饭后,导师习惯性地掏出烟,要我扶他出去,师娘连忙阻拦,他摆摆手,侄子连忙把躺椅抬到外面柿子树下,
众人都回到屋里继续说些不相干的话.
柿树下只有我和导师在一起,他沉默很久,突然说;
"抽烟吧,小贾."
我连忙接过,点上.
深深吸了一口,突然问;
"老师,您说姑姑----"
沉默,只有[去时[]在叫个不停.
他盯着我看了很久,幽幽地说;
"她不是我亲妹妹."
啊!
"啊!啊什么啊,你听我说,那是五十一年前的事了.事情发生在五十一年前的腊月二十四,那天是过小年.当时我们一大家都住在这座院子里.这诺大的村子里只有几家住着,我家就住在村边上,前面不远就是大山,那几家离我们家很远,我们家很大,有现在这个院子十倍这么大,这个院子里住着我的爷爷,奶奶,父亲母亲和我们弟兄六个,还有大嫂,二嫂,和他们的孩子,十几口人的大家庭啊,现在只剩我,你师母和姑姑我们仨了,这么大的大家庭就这么凋零了,我想起来就瑟瑟发抖.小年夜那天这里已经下了一个星期的雪了.像是到了世界末日.我们出门嘹望,旷野白茫茫像是我们被架在空中.冰天雪地好像上面喷了一层清漆似的,闪闪发光.大家心都凉透了,这景致可以说是凄厉苍凉.
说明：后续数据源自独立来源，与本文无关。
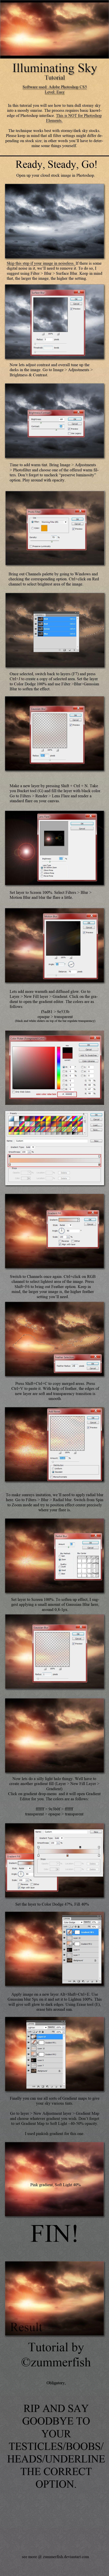 Illuminating Sky (tutorial) by =zummerfish on deviantART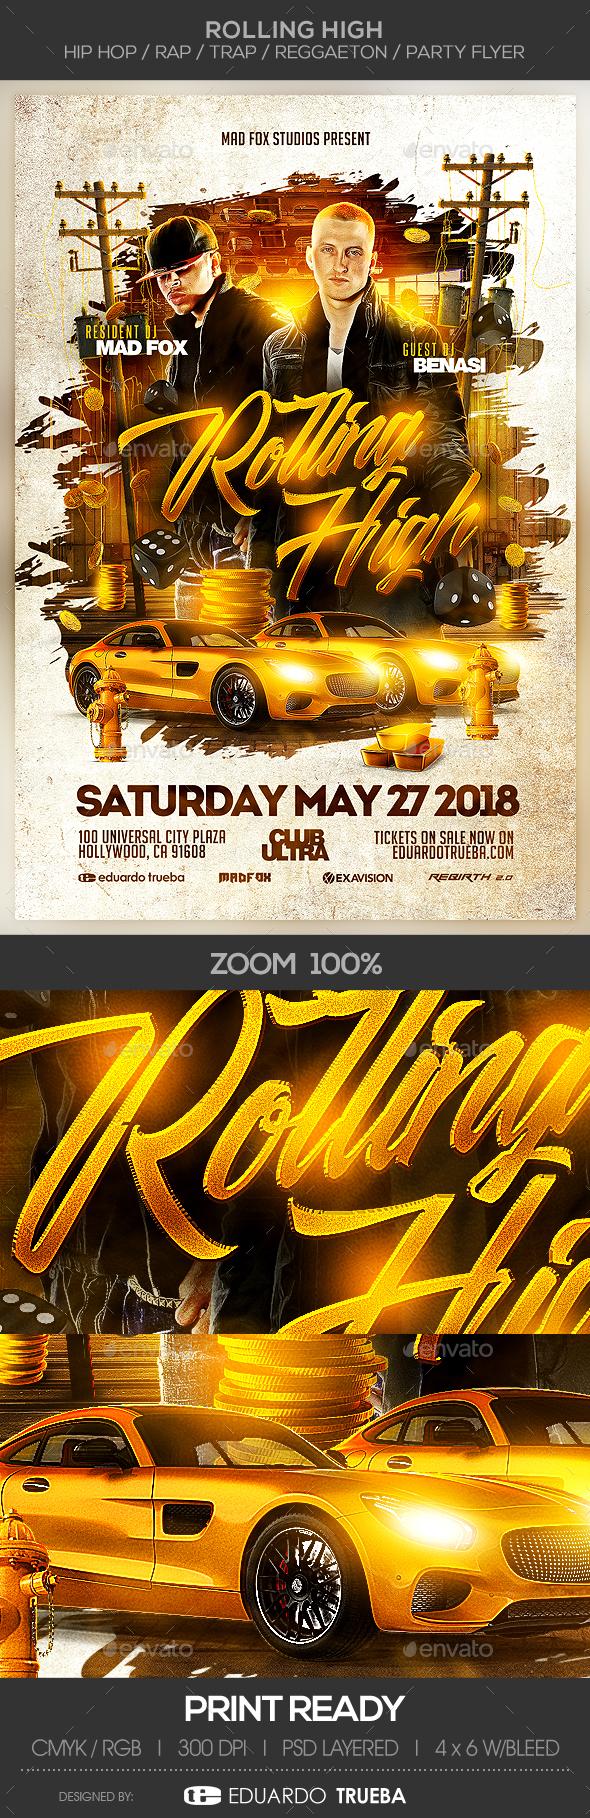 GraphicRiver Rolling High Hip Hop Rap Trap Reggaeton Party Flyer 20937018

但是,过小年了,家里有肉吃,所以大家还是很开心的,所以我们高高兴兴地围坐在桌旁等着母亲和嫂嫂们煮水饺.这时我大哥突然说;
"山口那边有条狗一直在叫,有十几分钟了,大概是谁家的走迷路了.这么大的雪.''接着他一阵狂咳似有痰在喉咙里堵着咳嗽不出来.屋里的人都探出头来,看我们接着聊天又都缩了回去,只有窗户上的一个身影一直映在那里.
"老师,您谢谢吧."
他摆摆手,接着说;
"他的话还没说完,就听到一阵敲门声,我们顿时毛骨悚然,我父亲叫大哥出去看看是怎么回事.我们都一声不响地听着,脑子里想的还是漫天遍野的茫茫雪海.大哥回来了,说什么也没有看见,那狗还在叫个不停,而且叫的地方一点也没有改变.开始吃饺子了,可是大家心里都有点慌乱,特别是我们这些孩子,喝水饺汤时,门外传来三声 敲门声,这三声敲门声间隔时间很长,我们舀汤的手都在发抖,我们全都一下屏住气,大家面面相觑,木然不动,手中的勺子向上竖起,一个个吓得魂不附体了.
终于,我母亲开口了:
"真奇怪了,过了这么长时间又来了,老大,你不要一个人去,."
二哥这时站起来了,他力气大,也为自己有这把字力气自豪,总是在大家面前表现得无所畏惧.我父亲对他们说:'拿上枝猎枪吧,也不知道会不会有什么大兽在闹.'可是二哥只拎根碗口粗的木棍,立刻同大哥一起走了.我们一直呆着,胆战心惊,簌簌发抖,谁也不想吃东西了,也没有人说一句话.父亲努力想让我们放心;
'你们看吧,这准是什么乞丐要不就是什么赶路人雪地迷路了,他敲完第一声,看没人开门.转了一圈,只得又回到我们家来敲门..我觉得大哥他们走了又个把钟头了,总算回来了,二哥怒气冲冲地嚷道;
'什么都没有,准是谁在搞恶作剧,真混蛋,要是被我抓到,我就一枪---'父亲摆摆手,大家接着吃饭,可是人人都心神不定,都在猜想事情的结果.
"这条该死的狗,还在那穷叫.'二哥一摔筷子.
果然,正在大家整理鞭炮准备放鞭时,外面的敲门声很大,很响,间隔的时间更长.男人们全都不约而同地站了起来.二哥喝了一点酒,怒气冲冲地说非要把这家伙宰了不可.吓得我和母亲和嫂嫂们立刻扑上去拦住他,我父亲虽然很镇静,但他腿脚不灵活(一次追土匪时从马上摔下来,把腿摔断了,从此他走路总是拖着腿),这时他也嚷嚷起来,说要去看看到底是怎么回事,,我的两个哥哥,跑去拿他们的猎枪,我趁他们不注意,劈手拿了一把猎刀,准备同他们一起冲出去.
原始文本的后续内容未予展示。